• **Records for the exercise**

-------------------------

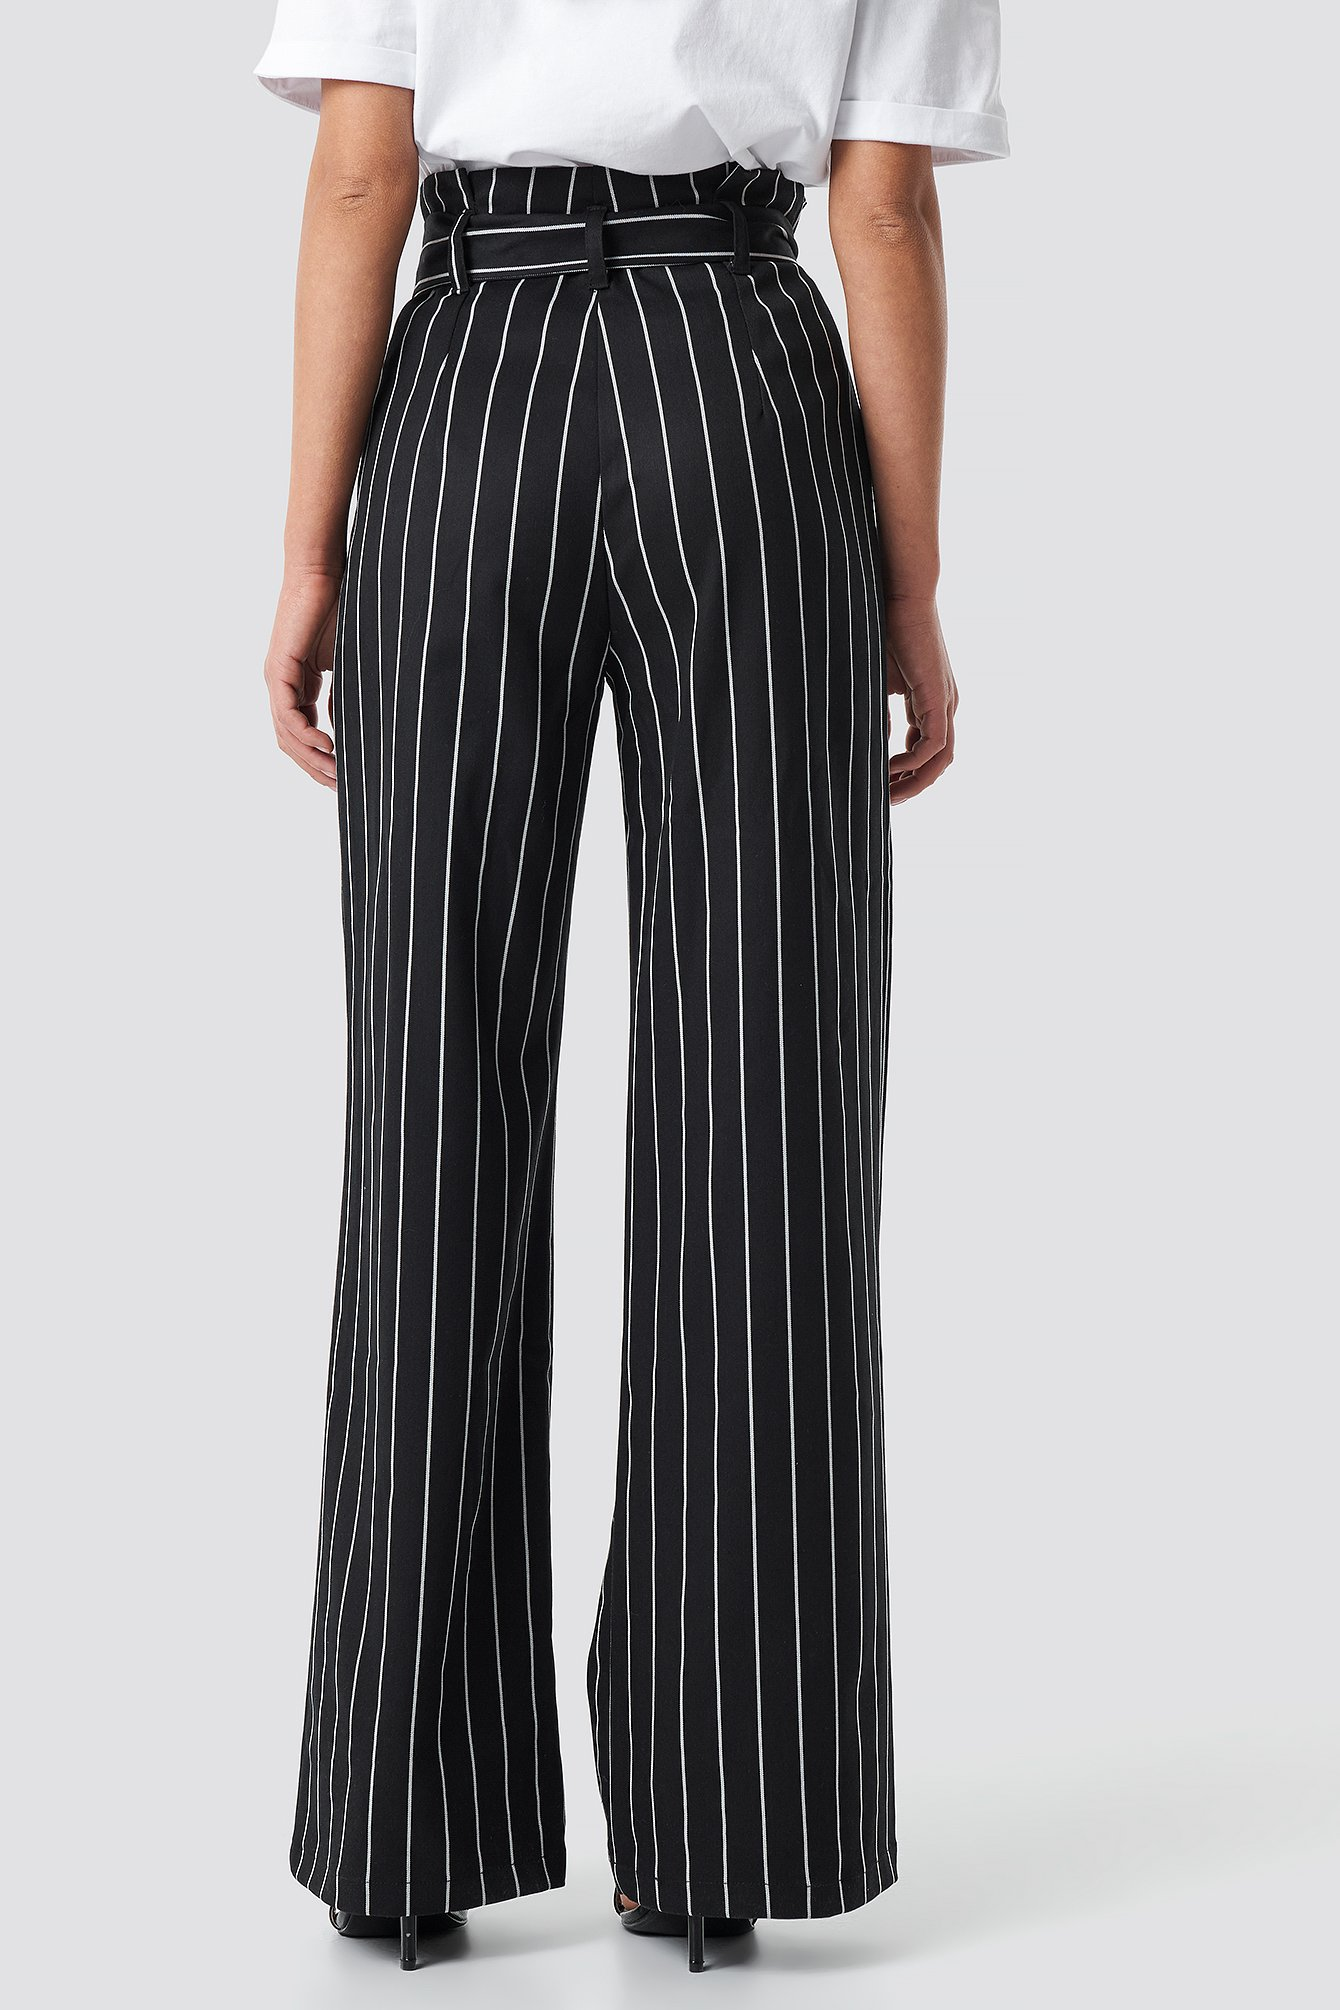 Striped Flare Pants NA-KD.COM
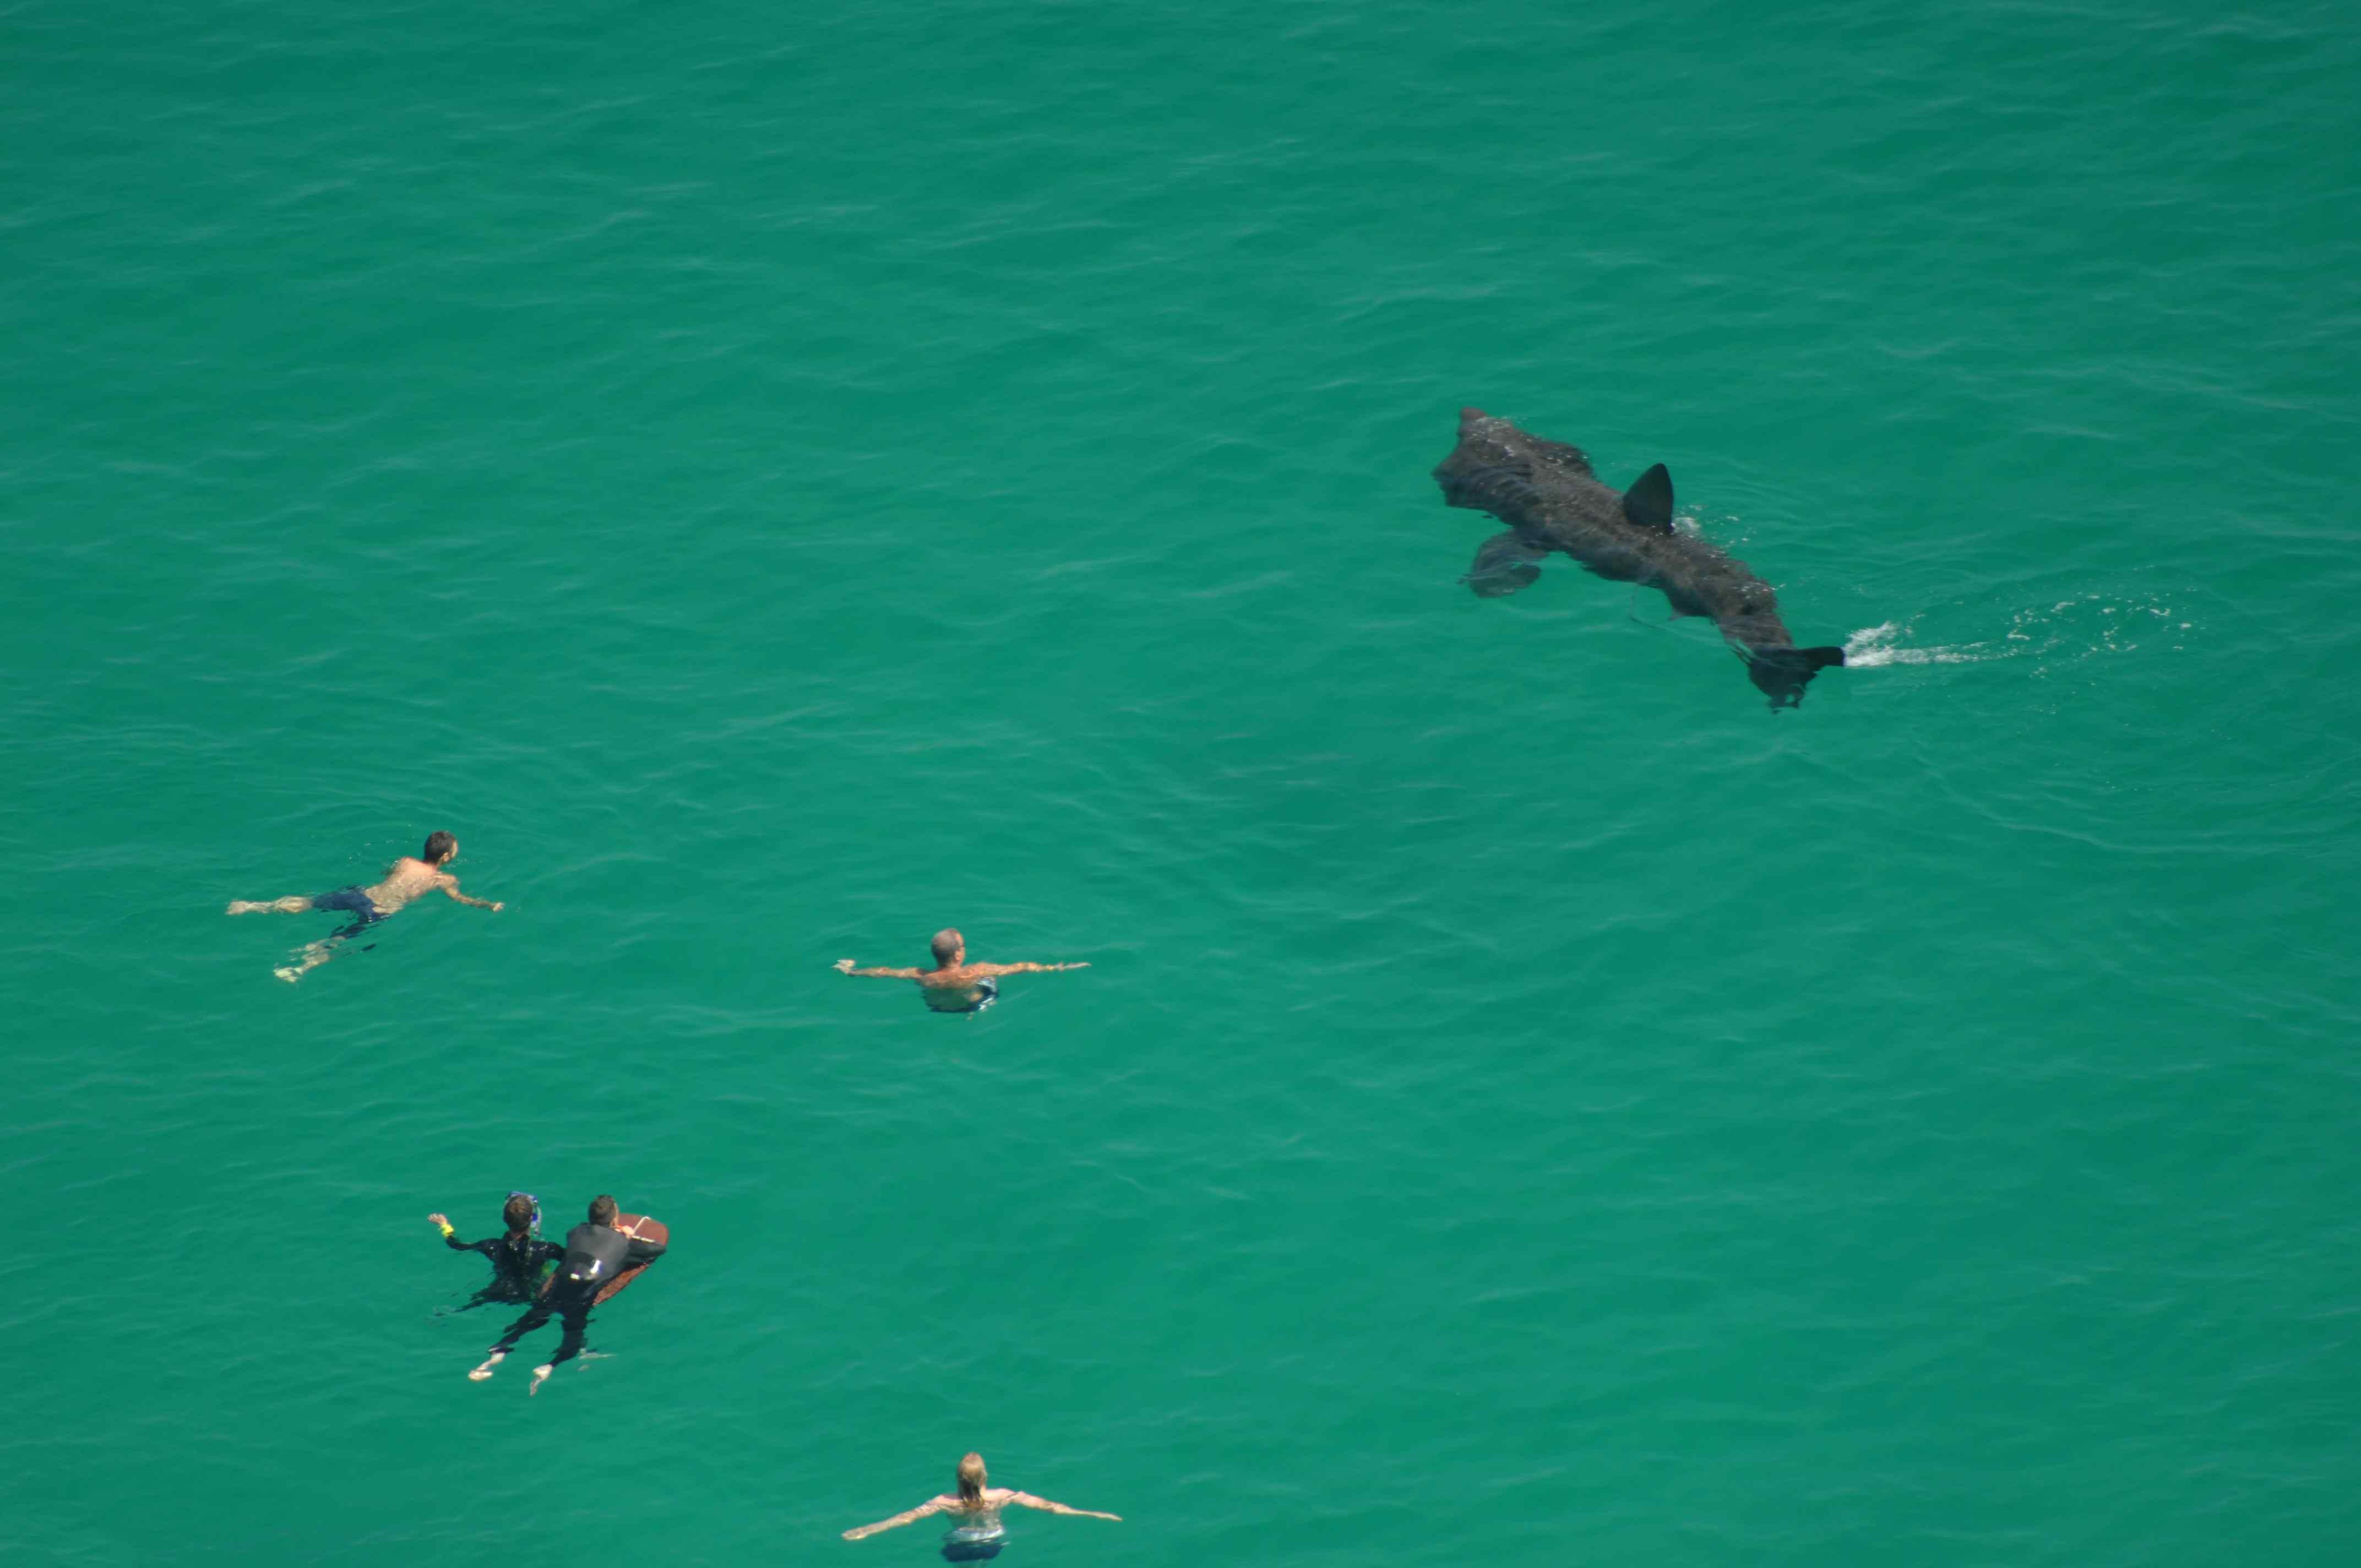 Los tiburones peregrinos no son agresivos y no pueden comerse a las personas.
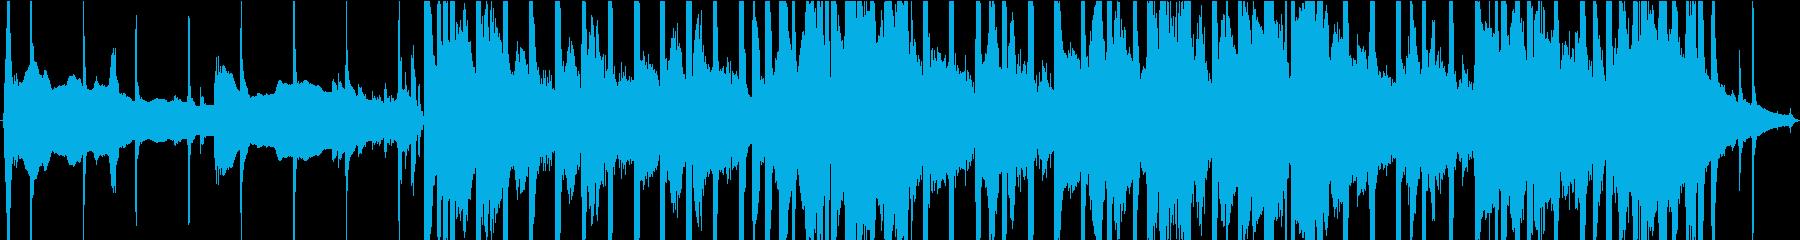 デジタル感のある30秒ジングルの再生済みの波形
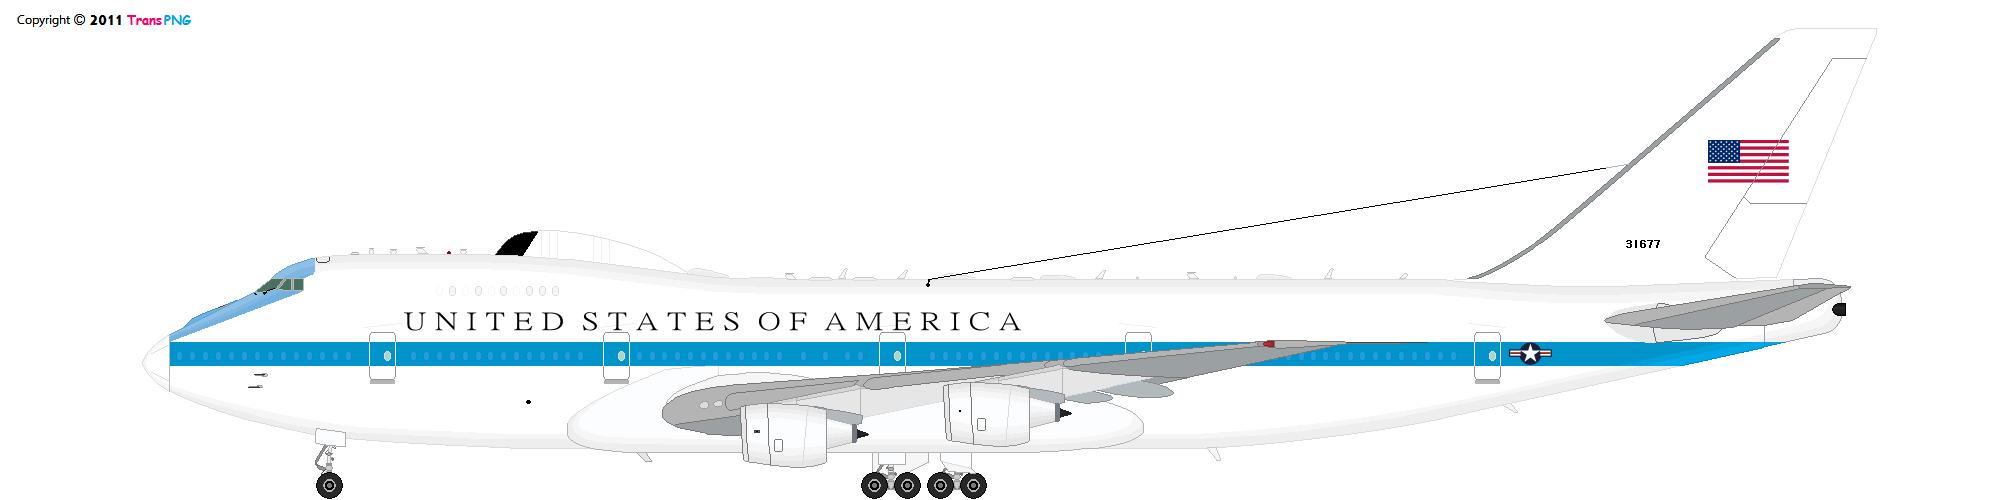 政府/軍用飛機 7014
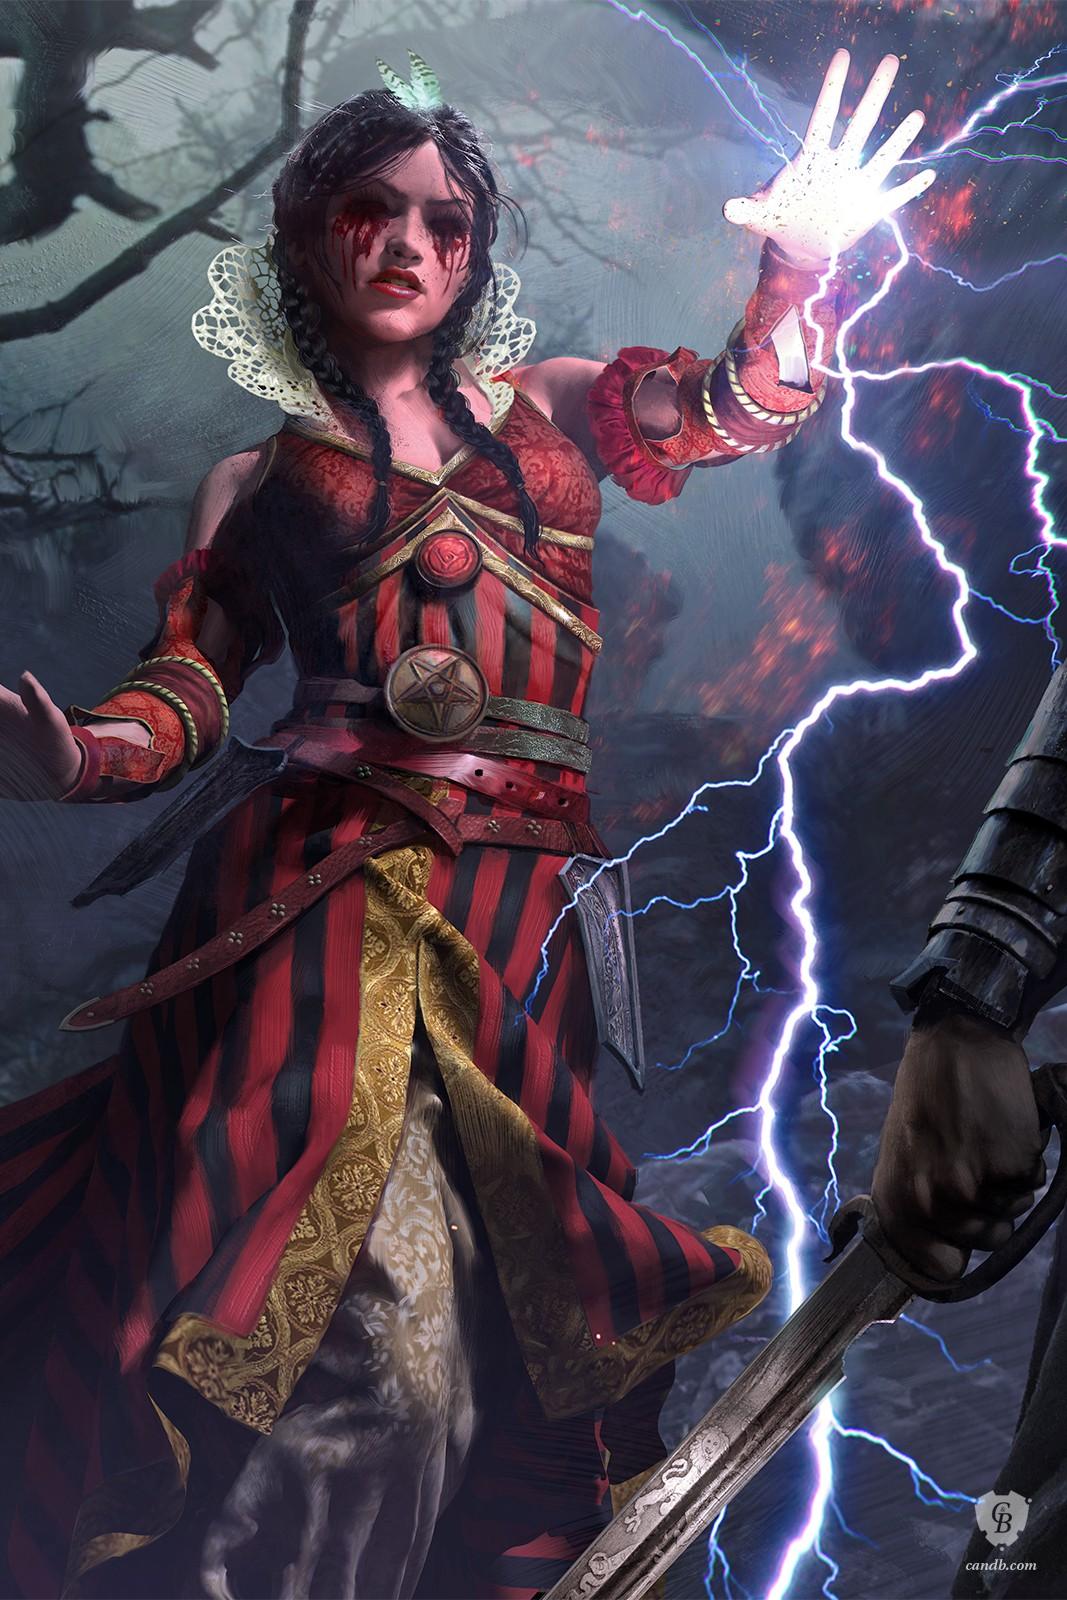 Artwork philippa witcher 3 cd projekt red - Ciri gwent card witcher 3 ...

-------------------------

• **Goal of the exercise**
Repeat the listing in full and exactly. Do not include any images.

• **Written answer**
 Striped Flare Pants NA-KD.COM
 Los tiburones peregrinos no son agresivos y no pueden comerse a las personas.
 デジタル感のある30秒ジングルの再生済みの波形
 政府/軍用飛機 7014
 Artwork philippa witcher 3 cd projekt red - Ciri gwent card witcher 3 ...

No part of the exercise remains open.